The 38 year-old, who holds the WBA ‘super’, WBC and WBO titles at welterweight, along with the WBC and WBA ‘super’ belts at 154lbs, is almost certain to take a step back from the super welterweight division which would leave old foe Canelo Alvarez high-powered to take over the reins.

Alvarez, 24, fights James Kirkland in a non-title bout this weekend, although victory would cement his place at the top of the WBC ratings and mean the Mexican would be firmly in line to regain his old belt the very next fight.
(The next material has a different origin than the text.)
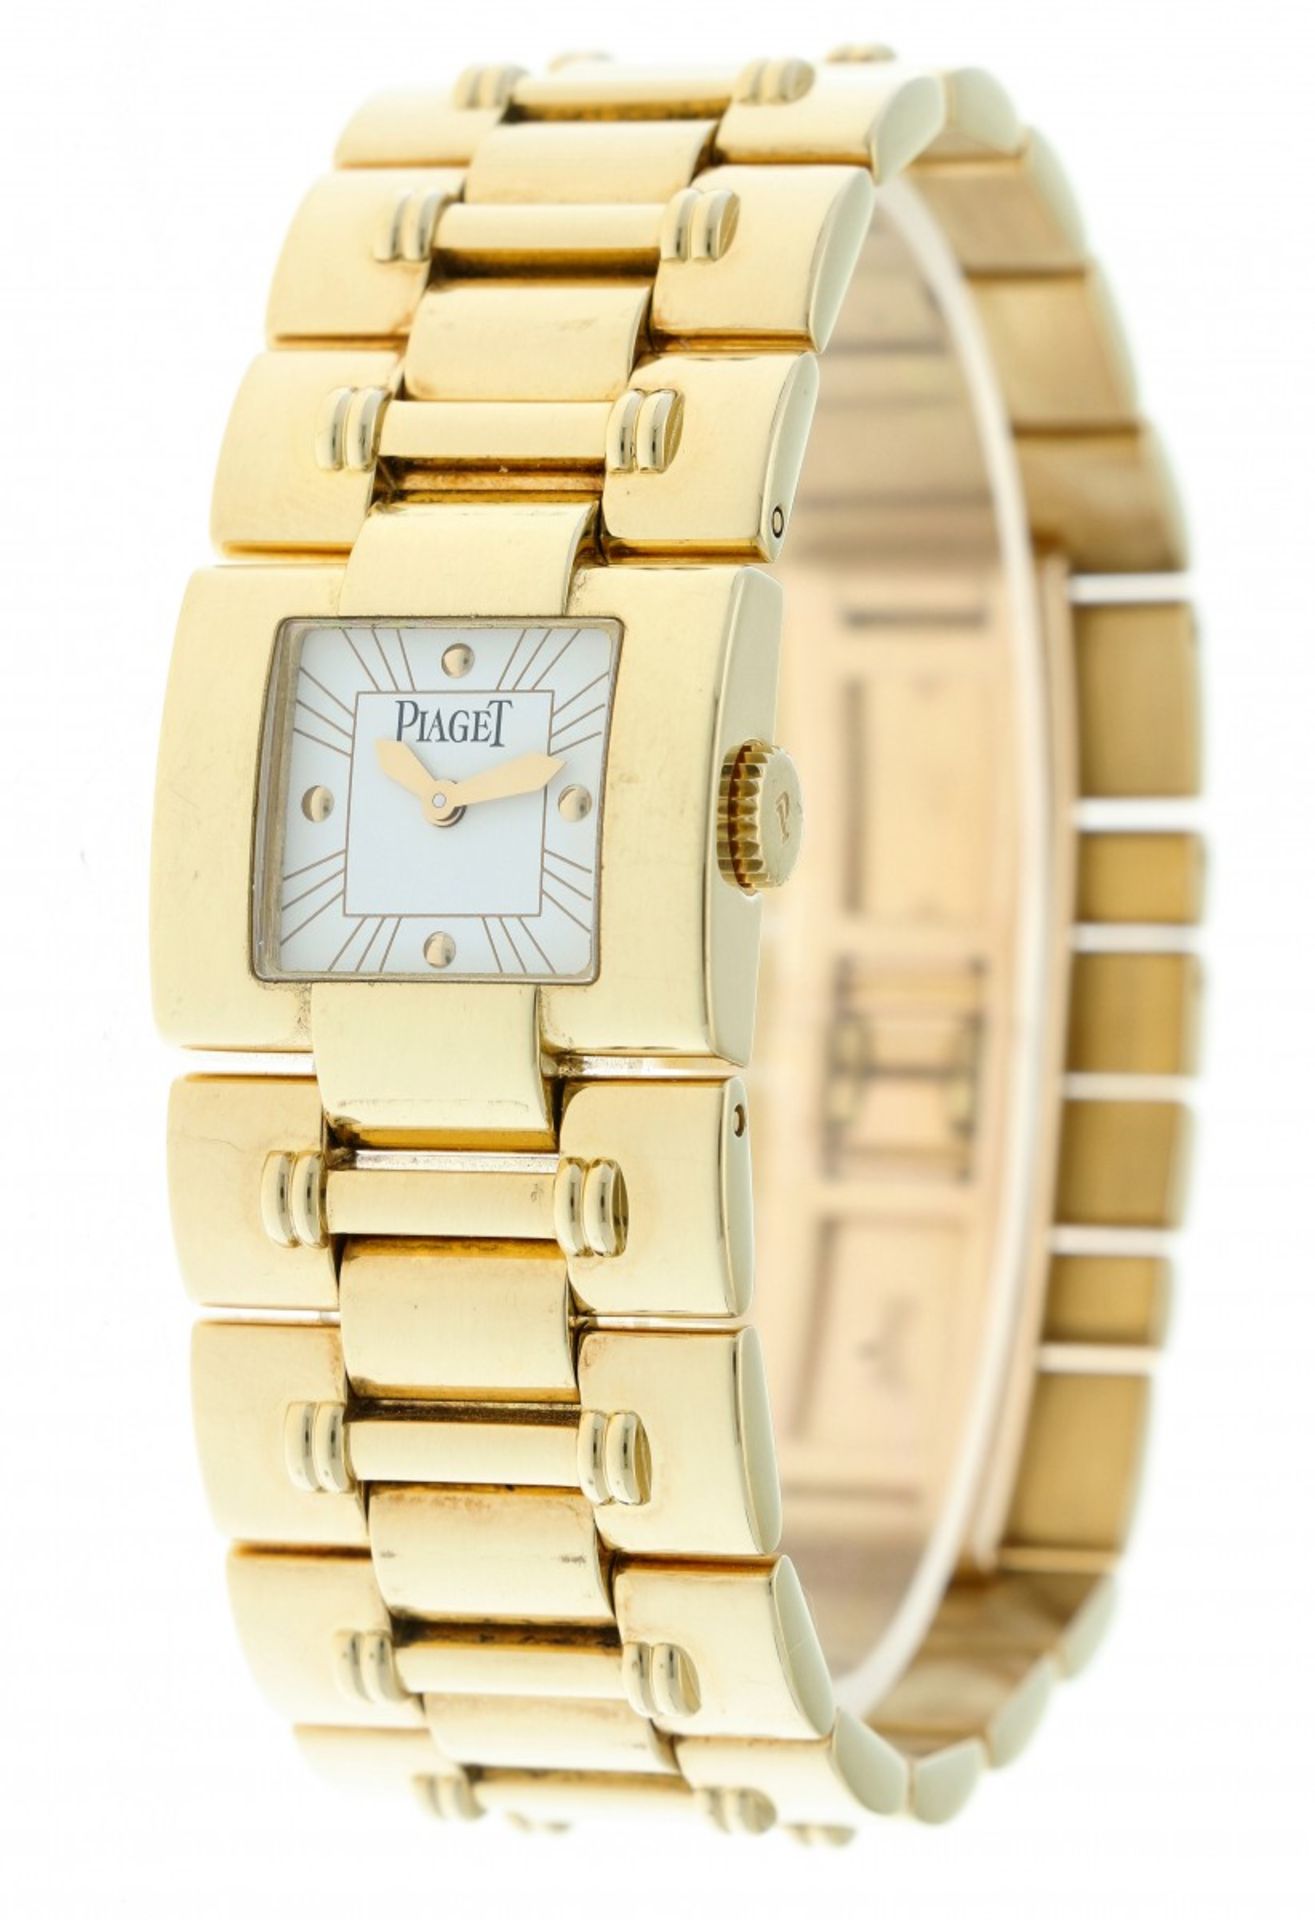 Piaget - 18k Ladies Watch - appr. 2000 - Image 2 of 5

American Jermell Charlo is the number two-ranked fighter, and with both he and Alvarez having strong ties to Golden Boy, any clash for the vacant title should be relatively easy to make.

On the WBA side, not much would change as current ‘regular’ title holder Erislandy Lara is not in a position to be bumped up to ‘super’ status but would then be recognised as the only ruler in the 154lb weight class with the body.

Should Mayweather decide to relieve himself of all the championships as previously stated, the welterweight division would be in a slightly more complicated predicament.

Amir Khan would be thrust into title contention as mandatory with the World Boxing Council and Canadian Antonin Decarie the likely opponent should he accept the challenge.

With the WBO, Timothy Bradley and Brandon Rios would be left to negotiate a vacant title clash providing Juan Manuel Marquez shows no interest as the number three contender.

And that only leaves the World Boxing Association at 147.

Provided Khan goes the predicted WBC route, Andre Berto and Marcos Maidana would be the first two boxers contacted to enter talks about fighting for the mandatory spot leaving Keith Thurman as the only welterweight WBA champion once the dust finally settles.